I love you Katy! I have been praying for you sweetheart! This really touched me………..Just when you think how much more can I take you know that there is a reason and God has a plan for you sweetie & all of us…….we don’t always understand why at the moment but time and prayers have a way of Healing!!! I LOVE YOU with all of my heart!! Bless you and give those kiddos BIG HUGS & KISSES from Auntie Bethie!! Xoxoxo
Katy, thank you for sharing what must be a terribly painful season in your life. I pray that God will hold you tight and see you through this. I wish I could give you a big hug!!!!
Katy,
Thanks so much for sharing your sadness with us. That song is one of my favorites ( I actually like her voice through the whole song!), and I listen to it several times a week. It takes me back to a time of great sadness , and profound gratitude in my life.I’ve never had a miscarriage, but, as you know, I’ve lost a child. In the future,you will look back on this time in your life and marvel at how our great God loved you through all the tears and grief that you are experiencing. Sometimes I long for that feeling of closeness and tenderness that only comes through walking through the valley with Him, (but, of course, being human, I don’t want to actually experience any pain!). You will look back, and realize what a sweet time it was with the Lord. Right now, you just have to hold on tight to what you know about Him, and not how you feel. When you think you cannot stand the pain any longer, pray to him to have mercy on you, and give you a reprieve from the pain. He always did this for me. It may have been just a few minutes or hours, and it would come back like a wave that washes over us, but it allowed me to catch my breath, and enjoy the gifts that He had given me. I will continue to pray for you, and I’m so thankful for you and your whole family.
“Miss Fran”
Ps. 34:18 The Lord is close to the brokenhearted and saves those who are crushed in spirit.
I’m so glad you shared this! I was worried about what happened to you. Thank you for sharing and for being so open.
And get yer hands outta yer dress and get a real hair stylist too!
Thank you for the humor. 🙁
Katy, I just got put onto your site via fb. I am glad that I did. I already have been provided laughs & tears. I know the mother pain of not getting those babies into this life…but I also know the great blessings they have provided me in lessons, experiences & hope forthe next life. My heart goes out to you and am grateful for the moment you gave me to stop and reflect on my own experiences too. You are a strength to others to share your experience and reach out with love and understanding. Thank you. I included a music video of an inspirational singer that wrote a song that touched my soul for my Beautiful Heartbreak…thought you might like it.

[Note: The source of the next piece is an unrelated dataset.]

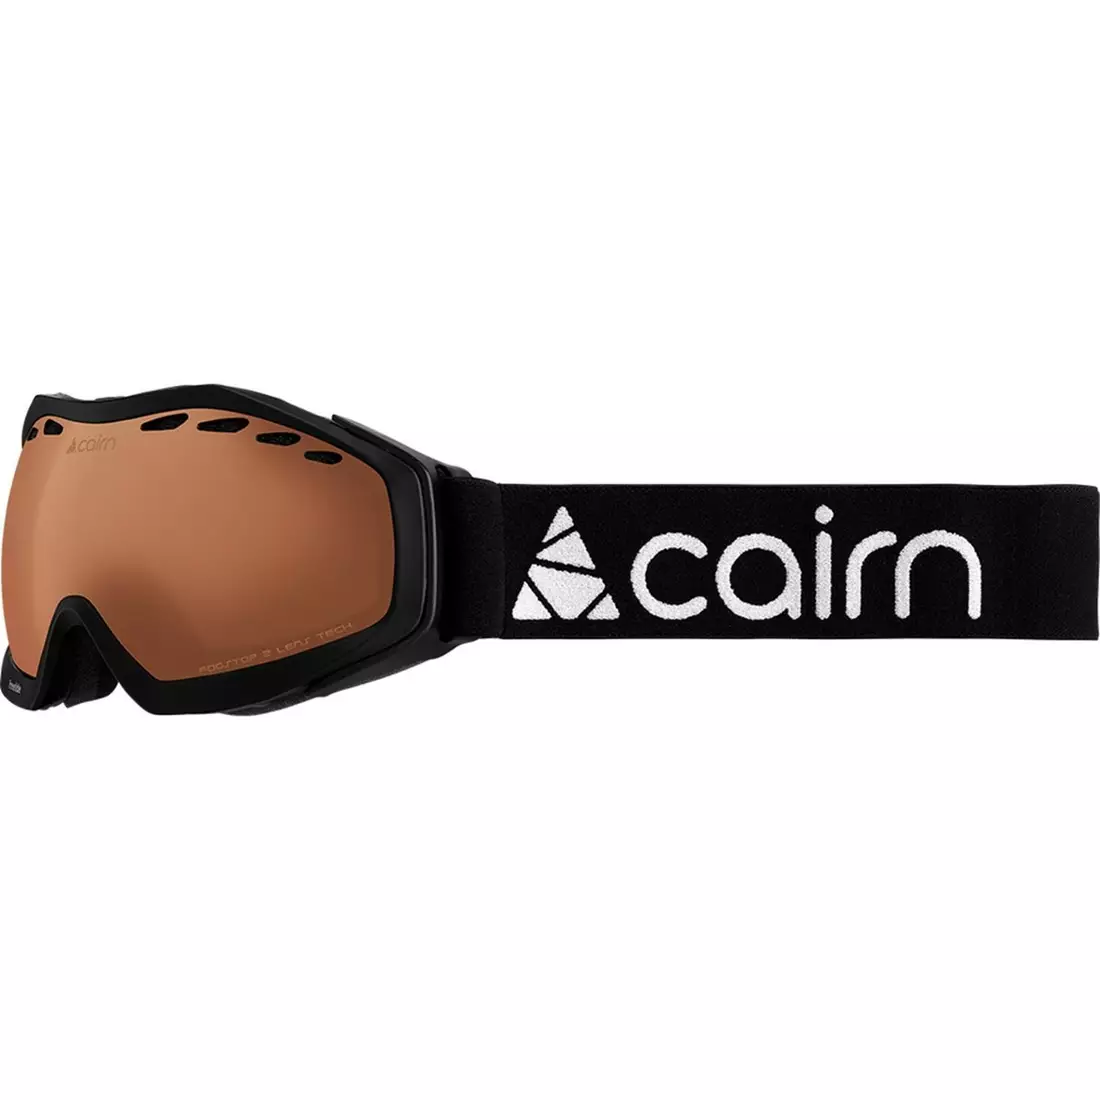 CAIRN ochelari de schi/snowboard FREERIDE 202 PHOTOCHROMIC, Black, 580068202
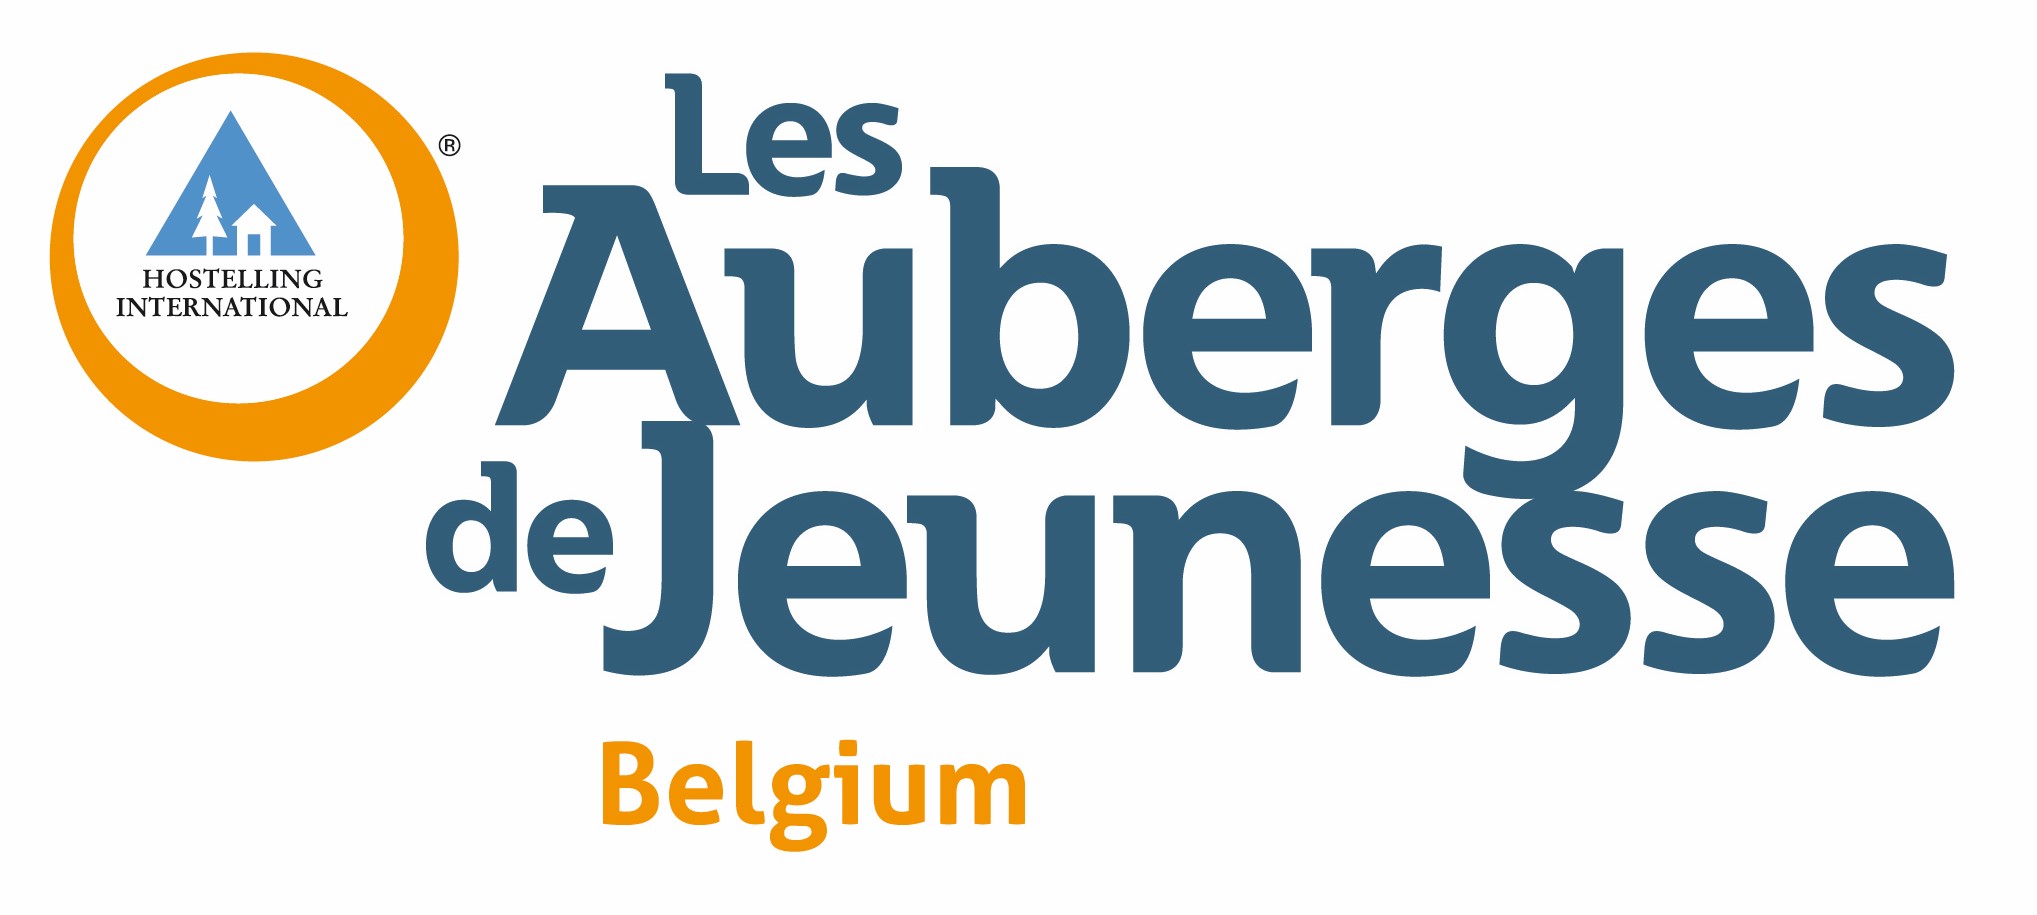 Logo of Auberges de jeunesse

http://youtu.be/xyX-I-um5Kk
Love you my girl… xoxo
I had two miscarriages nearly four years ago now, one right after the other. Before my two little girls with me now. It’s been a long, hard road out of the anger, disappointment, and depression that I found myself in during the months that followed. Every time I hear that song, I’m overwhelmed with humility. I have no idea why I lost my babies. But I do know that God allowed it to happen and that I’m more broken, more usable for it. You will be in my prayers.